Reproduce every line of the material below, but drop the pictures.

## Data shown
◇ ◇ ◇

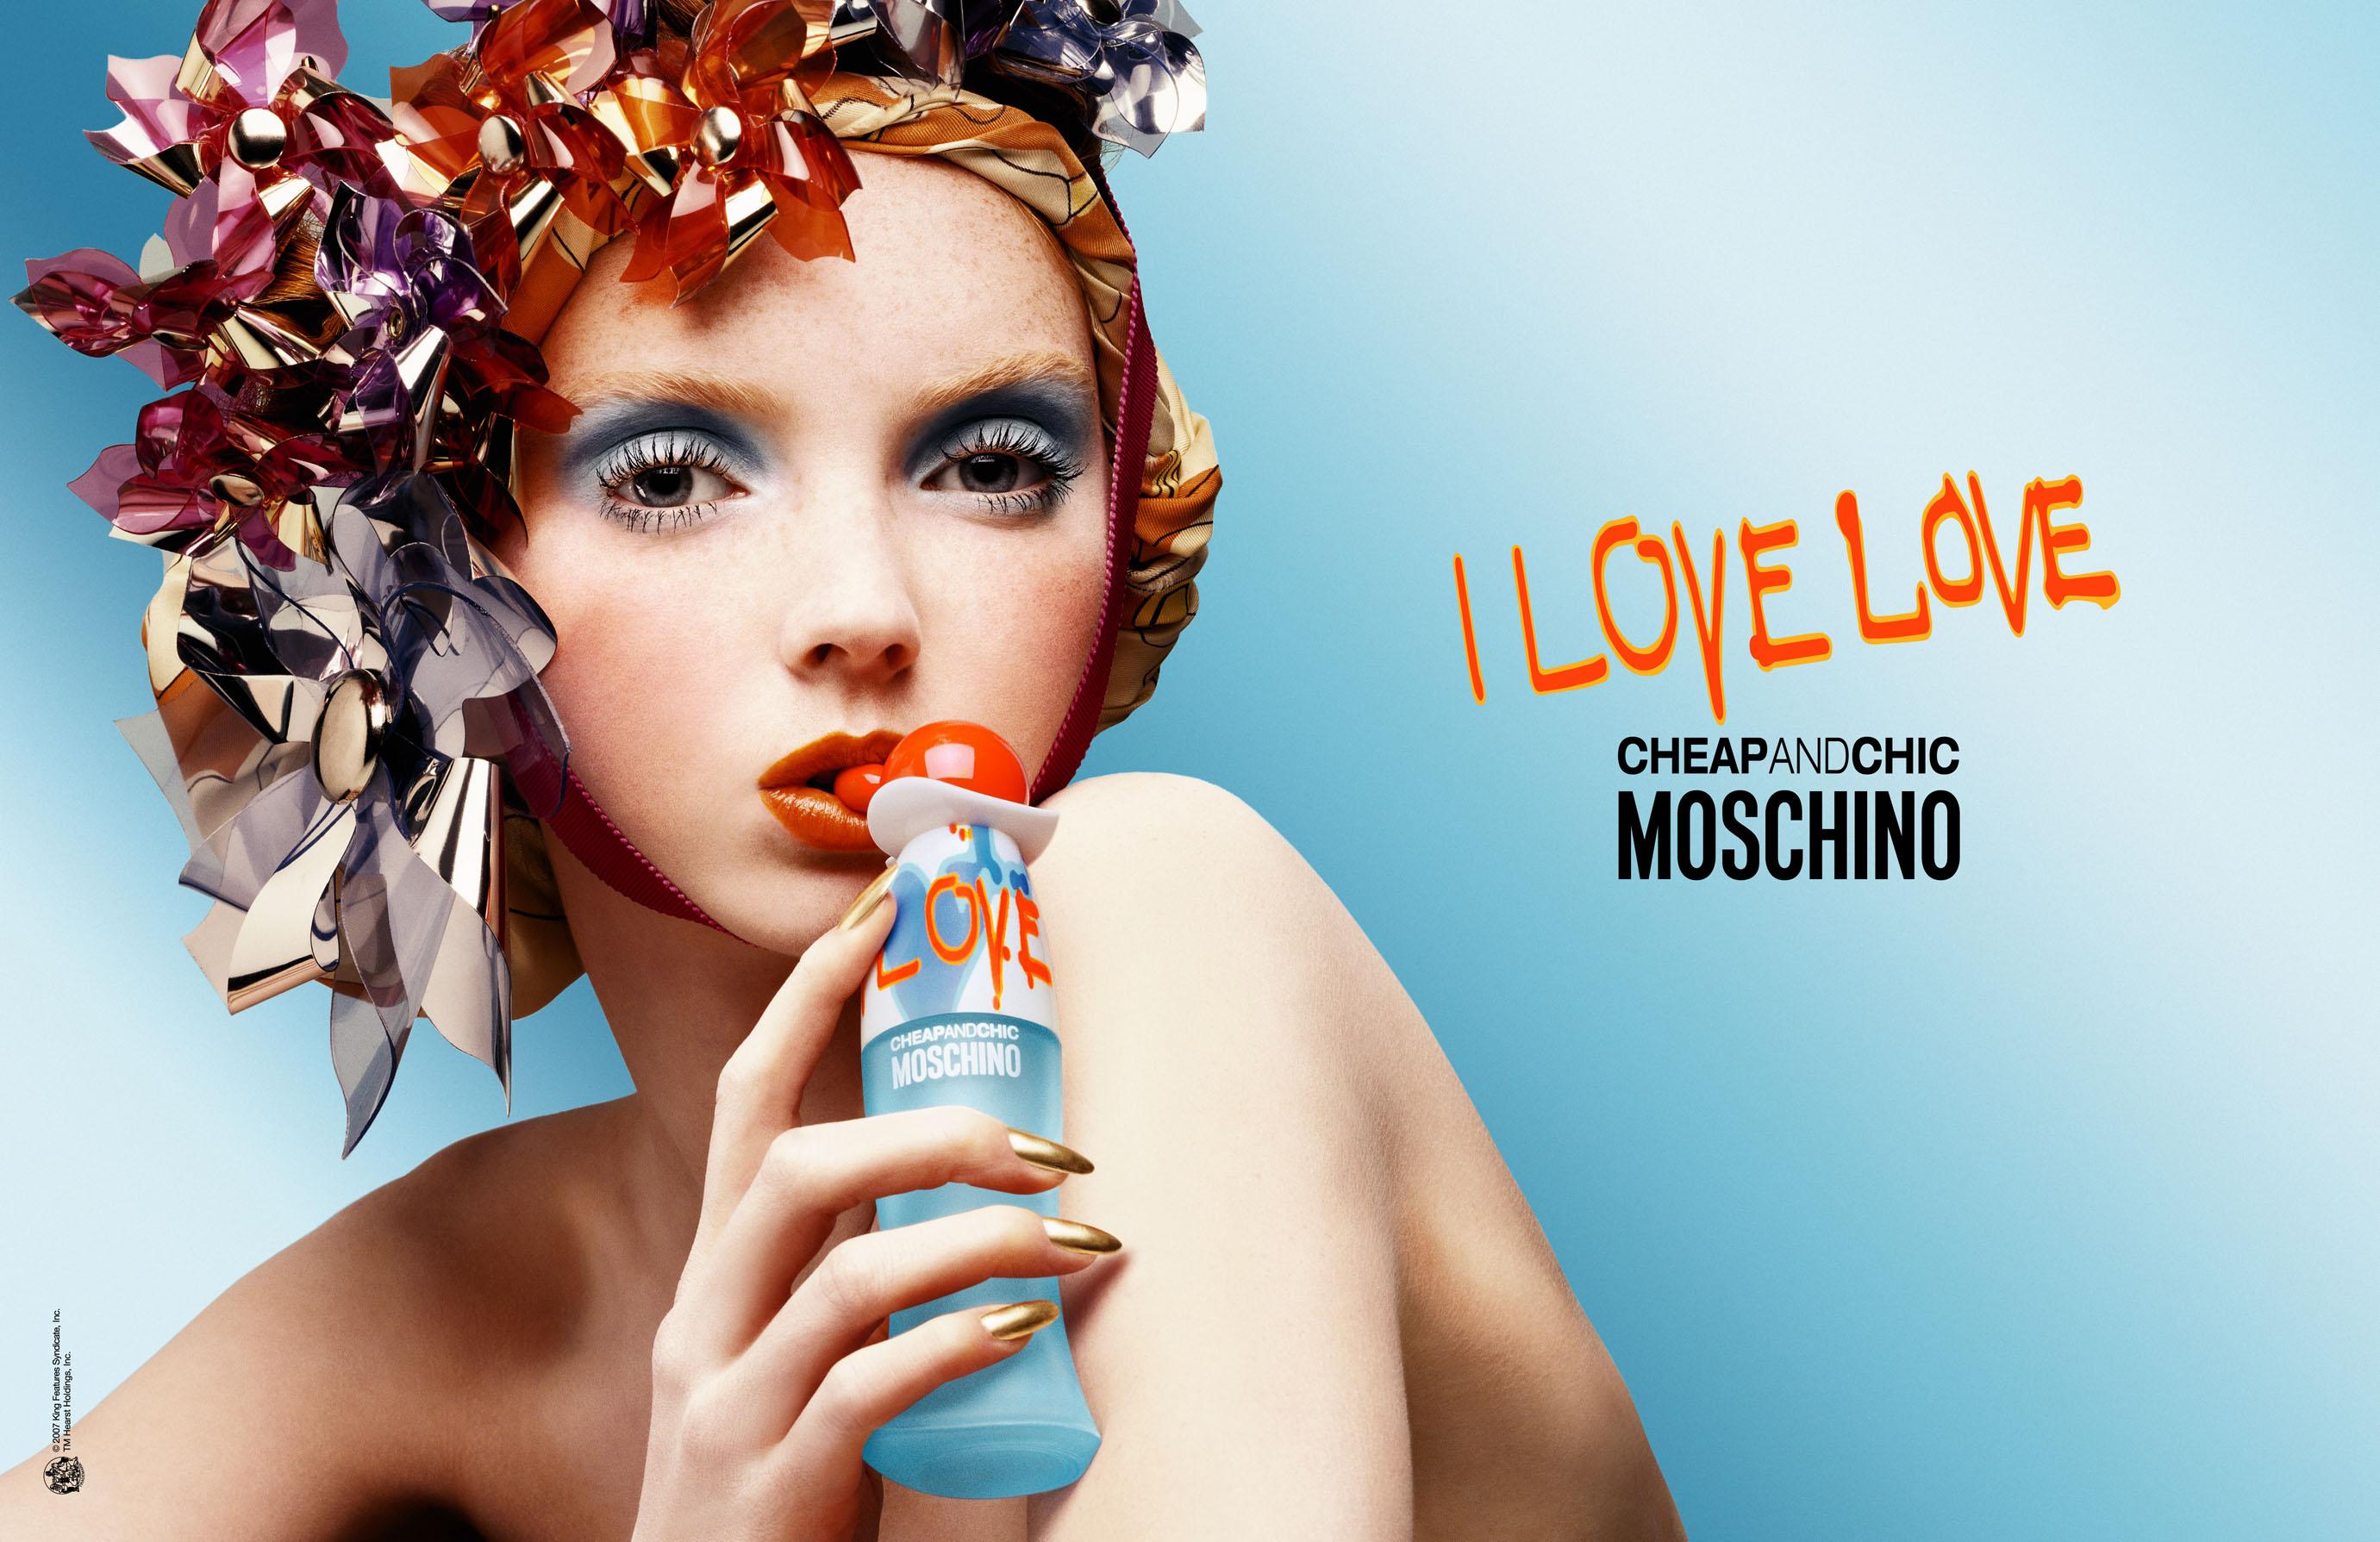 I LOVE LOVE – CHEAP & CHIC – MOSCHINO   GEURENGOEROE
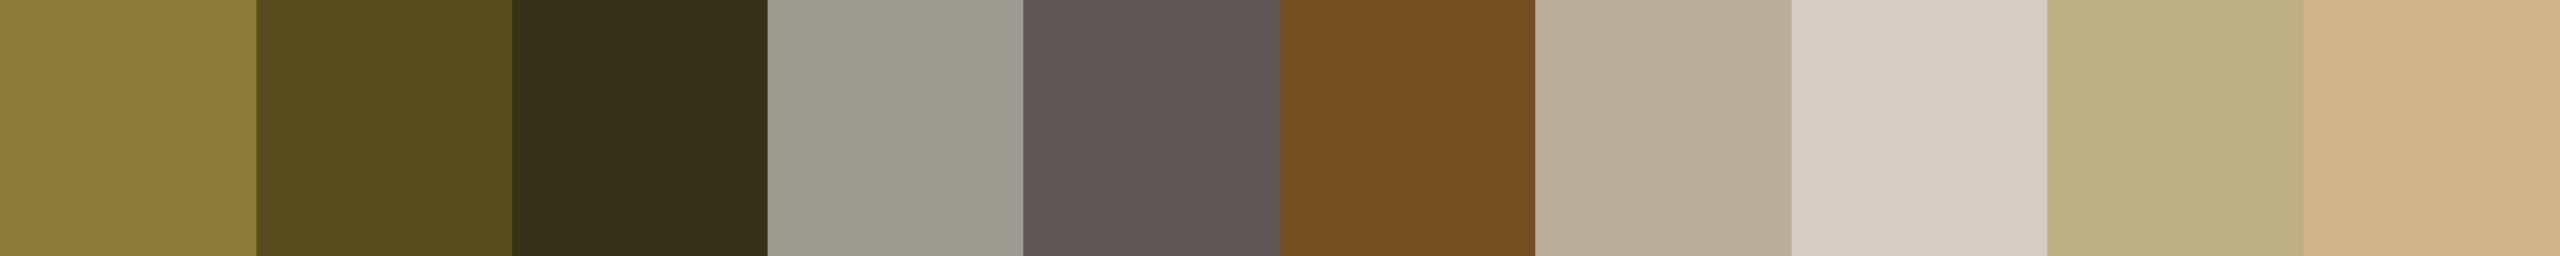 694 Zoistera Color Palette
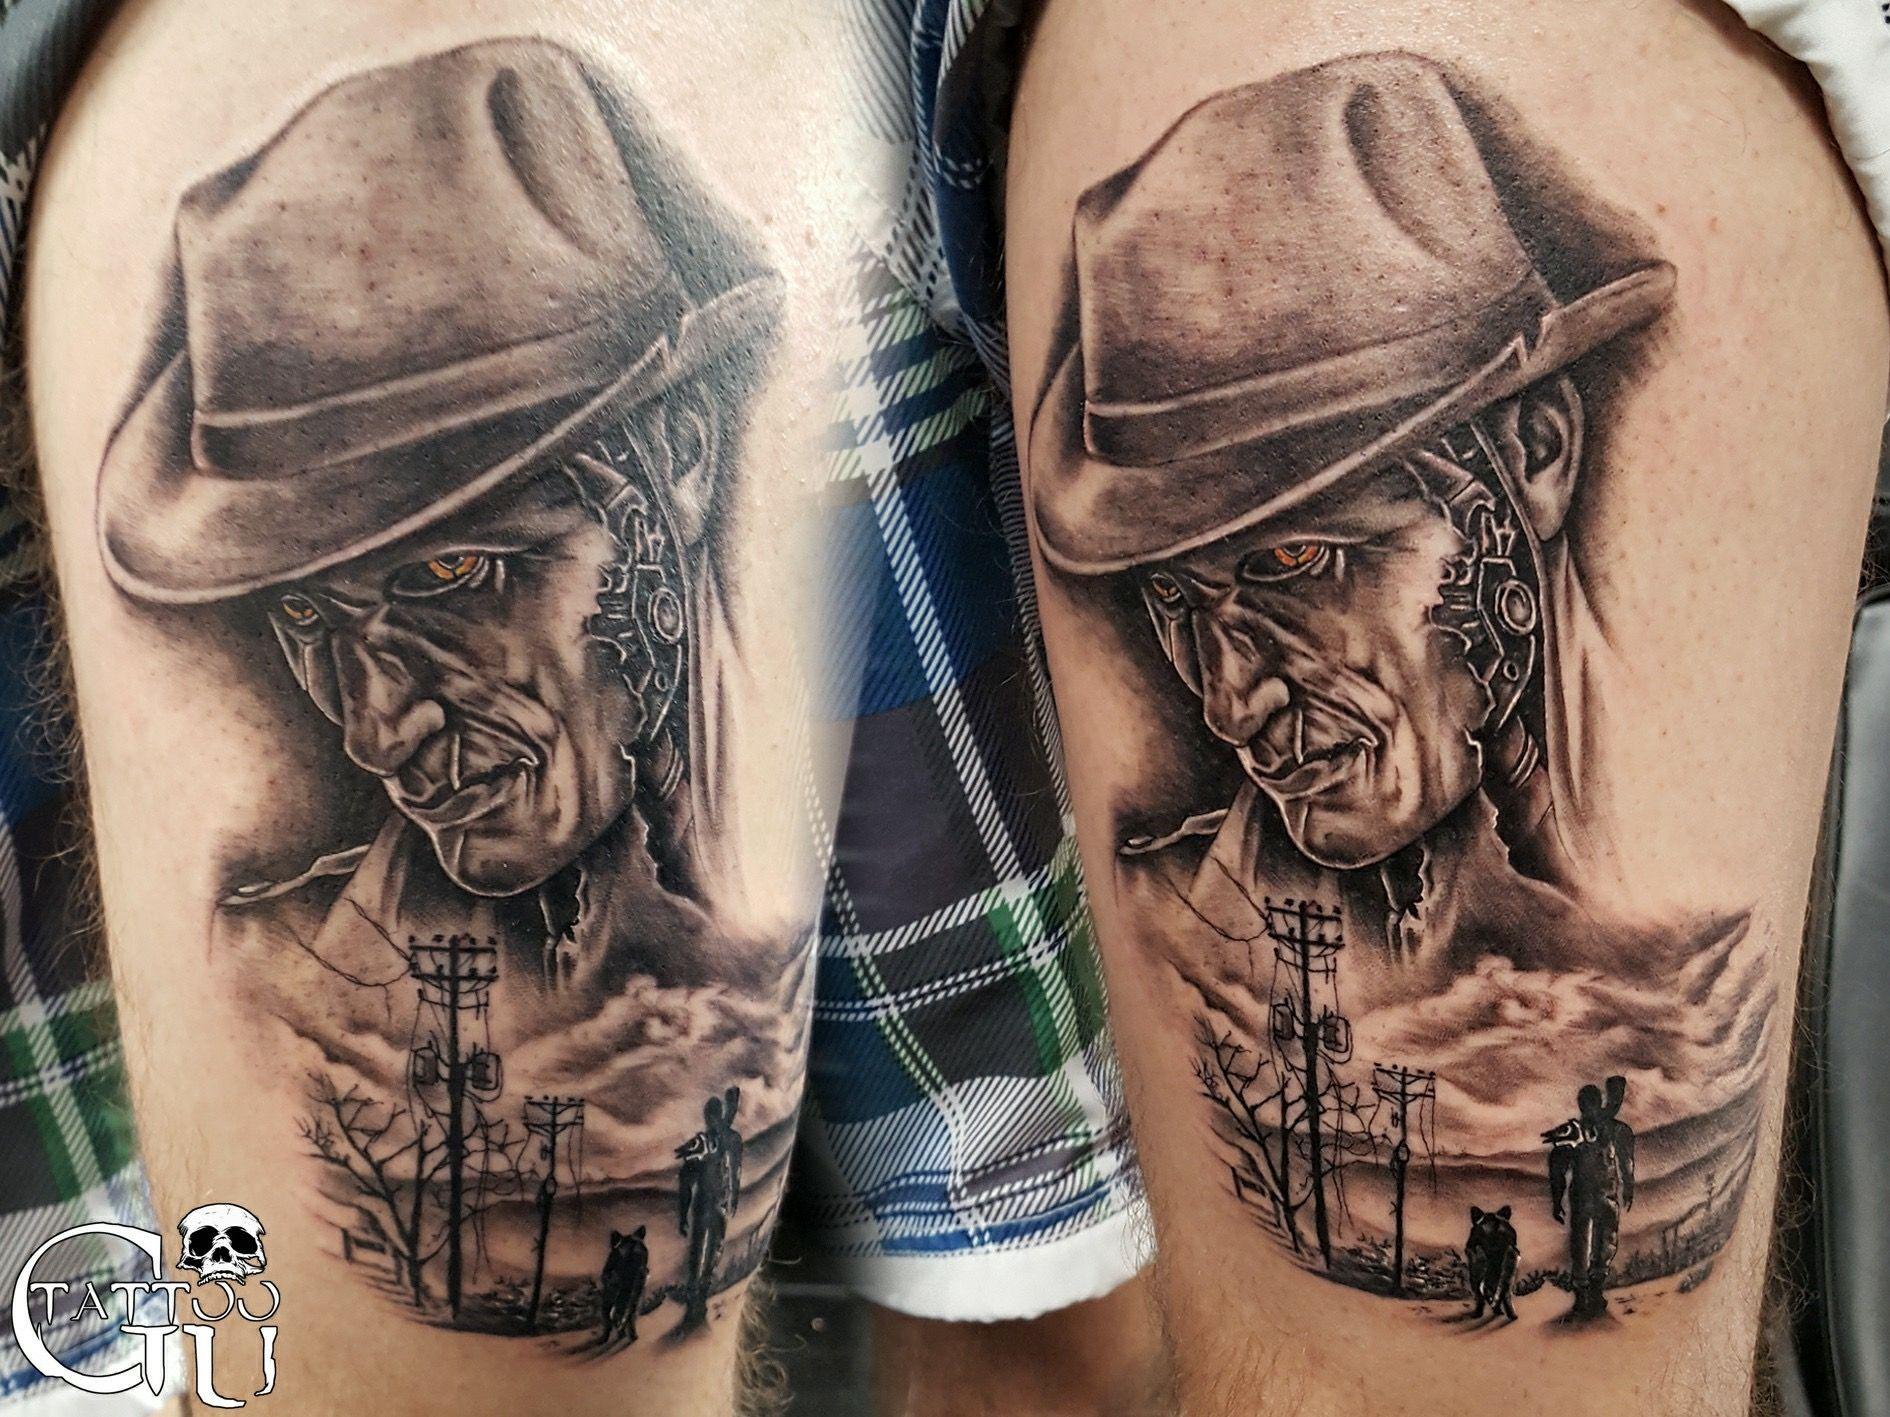 Fallout 4 Tattoo Gavin Underhill Tattoos Fallout 4

◇ ◇ ◇

## Answer to this problem
 I LOVE LOVE – CHEAP & CHIC – MOSCHINO   GEURENGOEROE
 694 Zoistera Color Palette
 Fallout 4 Tattoo Gavin Underhill Tattoos Fallout 4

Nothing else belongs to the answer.